Otherwise, playgrounds are just part of our built environment, right? We drive past one occasionally, hopefully slowing down so as not to run over any escapees. Sometimes some mumbo-jumbo about a playground shows up on a municipal ballot, and we tick a box, satisfied that we’ve expressed our rights as voters.
Playgrounds are different here in the Austrian Alps.
When we arrived in Mayrhofen (population 4000), Lee and I bought a pass for the ski lifts—there are ten, spread out around the valley. Every day, we go up to the top of a mountain, go for a hike, eat lunch, and watch the kids on the playground.
There are amazing playgrounds on the tops of these mountains. Our kids would’ve thought they had died and gone to heaven if we had brought them here. There’s all the climbing equipment you can imagine, plus trampolines, pedal-powered go-karts, a huge, ornate castle built of spruce, long amazing ball-runs, elaborate water tables, zip lines—and more that I don’t even know how to describe.
All the cafes and restaurants have play areas. Parents can have a coffee, or a long leisurely lunch, and the kids are free to play or sit at the table.
It’s all designed to create a sort of perfect spot for a family vacation, and as a result, it’s full of families. Big multi-generational groups are everywhere, hiking, biking, playing, riding the lifts, and hanging out in nature.
The kids are not on phones, they’re not screaming or crying or whining—they’re playing.
We’ve noticed epic playground situations in other wealthy countries, too. In Berlin, where something like 25 percent of the city is reserved for green space and parks, there’s a very special playground in which kids can actually build structures to play on. There’s a little kids area, where parents can hang out and keep an eye on things, but there’s also a big kids area, with more serious tools. Parents don’t go in that part. There are a couple of supervising adults who provide just enough supervision and suggestion to keep things safe. Kids learn age-appropriate skills, as well as self-sufficiency. Our minds were kind of blown when we understood what was happening in that playground. Again, our kids would’ve loved a place like that.
In Iceland, every little village and crossroads (we’re talking about populations under a thousand) has both a public pool, most with a twisty water slide, and a playground. The playgrounds are easy to spot from a distance—each one has a massive trampoline, which is like a rainbow-striped bubble on the ground. It has been a while since my kids were small, so maybe trampoline technology in the US has improved, but I’ve never seen anything like these trampolines. The only reason I didn’t try jumping on one myself was my borked ankle.
It’s interesting to see what it looks like when a society really prioritizes children and families. When our kids were small, we lived in a town that won awards for being ‘family-friendly.’ That’s why we chose to live there—if it’s winning awards, it must good, right? It was what we knew.
Turns out, there’s more than one way to build a playground—or a society.
From my writer’s notebook:
Last year, the Louvre in Paris hired a provenance expert to work full-time on researching the items in the museum’s collection that are believed to have been stolen, looted, or sold ‘under duress’ during the Holocaust.
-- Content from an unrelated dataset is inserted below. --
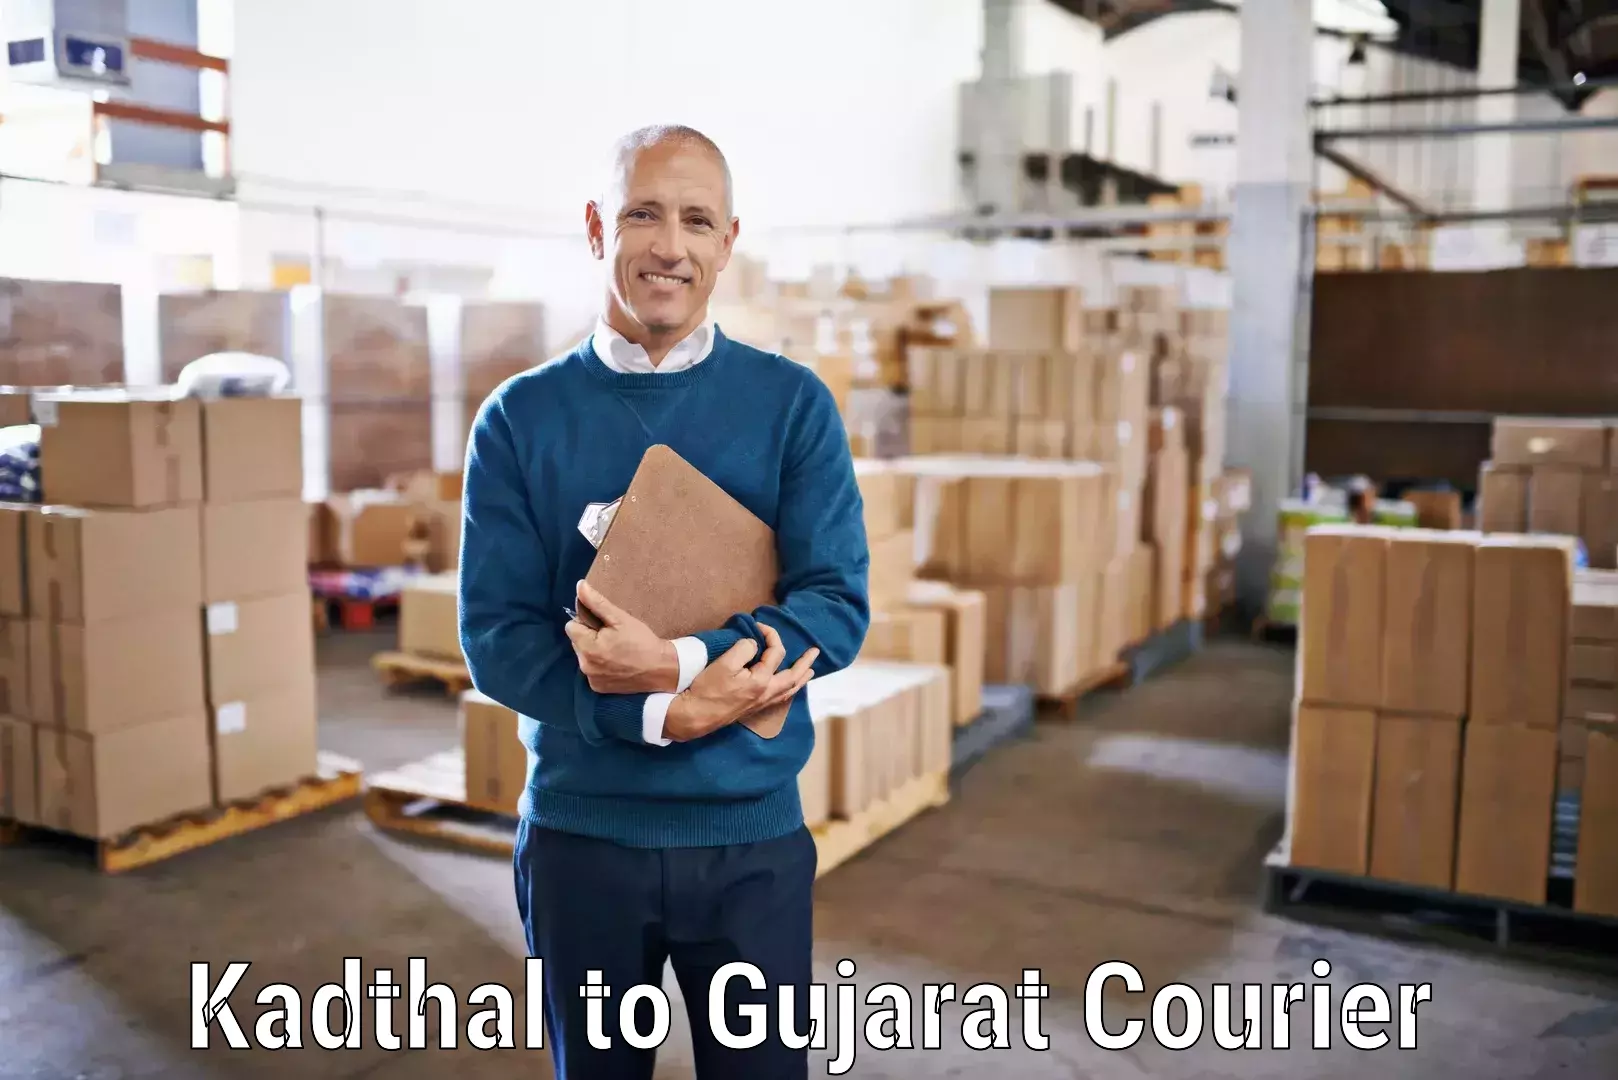 Regular parcel service Kadthal to Gondal

The Louvre has recently been making more of an effort to do due diligence toward restituting the paintings; a special gallery now makes about thirty of them available for public viewing. In the profile I read of this curator, she said two things that struck me:
“The backs of paintings can be very talkative.”
“No one, not my grandparents, not my parents, ever talked about the war . . . The story was transmitted through the unspoken, and there is nothing worse than the unspoken.”